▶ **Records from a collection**
===============
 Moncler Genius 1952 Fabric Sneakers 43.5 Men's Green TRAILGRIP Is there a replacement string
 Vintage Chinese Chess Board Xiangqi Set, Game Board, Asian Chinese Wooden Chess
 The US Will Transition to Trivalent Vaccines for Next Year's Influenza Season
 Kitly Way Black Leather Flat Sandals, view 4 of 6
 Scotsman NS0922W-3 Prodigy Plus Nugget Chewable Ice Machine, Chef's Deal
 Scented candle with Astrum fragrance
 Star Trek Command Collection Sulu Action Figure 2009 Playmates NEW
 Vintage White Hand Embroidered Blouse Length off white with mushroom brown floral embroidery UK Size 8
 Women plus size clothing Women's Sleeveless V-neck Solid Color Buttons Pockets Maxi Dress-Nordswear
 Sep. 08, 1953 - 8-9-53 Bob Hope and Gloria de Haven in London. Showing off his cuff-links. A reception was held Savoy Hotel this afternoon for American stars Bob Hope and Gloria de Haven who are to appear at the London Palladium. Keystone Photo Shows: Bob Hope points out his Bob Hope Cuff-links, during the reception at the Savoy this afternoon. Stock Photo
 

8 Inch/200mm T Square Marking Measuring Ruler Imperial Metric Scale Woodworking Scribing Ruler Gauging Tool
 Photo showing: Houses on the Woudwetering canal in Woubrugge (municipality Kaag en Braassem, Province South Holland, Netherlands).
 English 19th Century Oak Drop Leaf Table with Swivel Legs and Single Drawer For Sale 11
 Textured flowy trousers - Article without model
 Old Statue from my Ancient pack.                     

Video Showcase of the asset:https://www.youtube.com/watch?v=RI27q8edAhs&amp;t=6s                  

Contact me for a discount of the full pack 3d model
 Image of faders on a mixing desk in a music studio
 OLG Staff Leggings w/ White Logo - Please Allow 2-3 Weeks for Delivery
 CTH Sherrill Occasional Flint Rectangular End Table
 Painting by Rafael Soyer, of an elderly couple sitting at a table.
===============
▶ **WHAT IS REQUIRED**
Return every record, word for word.

▶ **EXERCISE OUTPUT**
 Moncler Genius 1952 Fabric Sneakers 43.5 Men's Green TRAILGRIP Is there a replacement string
 Vintage Chinese Chess Board Xiangqi Set, Game Board, Asian Chinese Wooden Chess
 The US Will Transition to Trivalent Vaccines for Next Year's Influenza Season
 Kitly Way Black Leather Flat Sandals, view 4 of 6
 Scotsman NS0922W-3 Prodigy Plus Nugget Chewable Ice Machine, Chef's Deal
 Scented candle with Astrum fragrance
 Star Trek Command Collection Sulu Action Figure 2009 Playmates NEW
 Vintage White Hand Embroidered Blouse Length off white with mushroom brown floral embroidery UK Size 8
 Women plus size clothing Women's Sleeveless V-neck Solid Color Buttons Pockets Maxi Dress-Nordswear
 Sep. 08, 1953 - 8-9-53 Bob Hope and Gloria de Haven in London. Showing off his cuff-links. A reception was held Savoy Hotel this afternoon for American stars Bob Hope and Gloria de Haven who are to appear at the London Palladium. Keystone Photo Shows: Bob Hope points out his Bob Hope Cuff-links, during the reception at the Savoy this afternoon. Stock Photo
 

8 Inch/200mm T Square Marking Measuring Ruler Imperial Metric Scale Woodworking Scribing Ruler Gauging Tool
 Photo showing: Houses on the Woudwetering canal in Woubrugge (municipality Kaag en Braassem, Province South Holland, Netherlands).
 English 19th Century Oak Drop Leaf Table with Swivel Legs and Single Drawer For Sale 11
 Textured flowy trousers - Article without model
 Old Statue from my Ancient pack.                     

Video Showcase of the asset:https://www.youtube.com/watch?v=RI27q8edAhs&amp;t=6s                  

Contact me for a discount of the full pack 3d model
 Image of faders on a mixing desk in a music studio
 OLG Staff Leggings w/ White Logo - Please Allow 2-3 Weeks for Delivery
 CTH Sherrill Occasional Flint Rectangular End Table
 Painting by Rafael Soyer, of an elderly couple sitting at a table.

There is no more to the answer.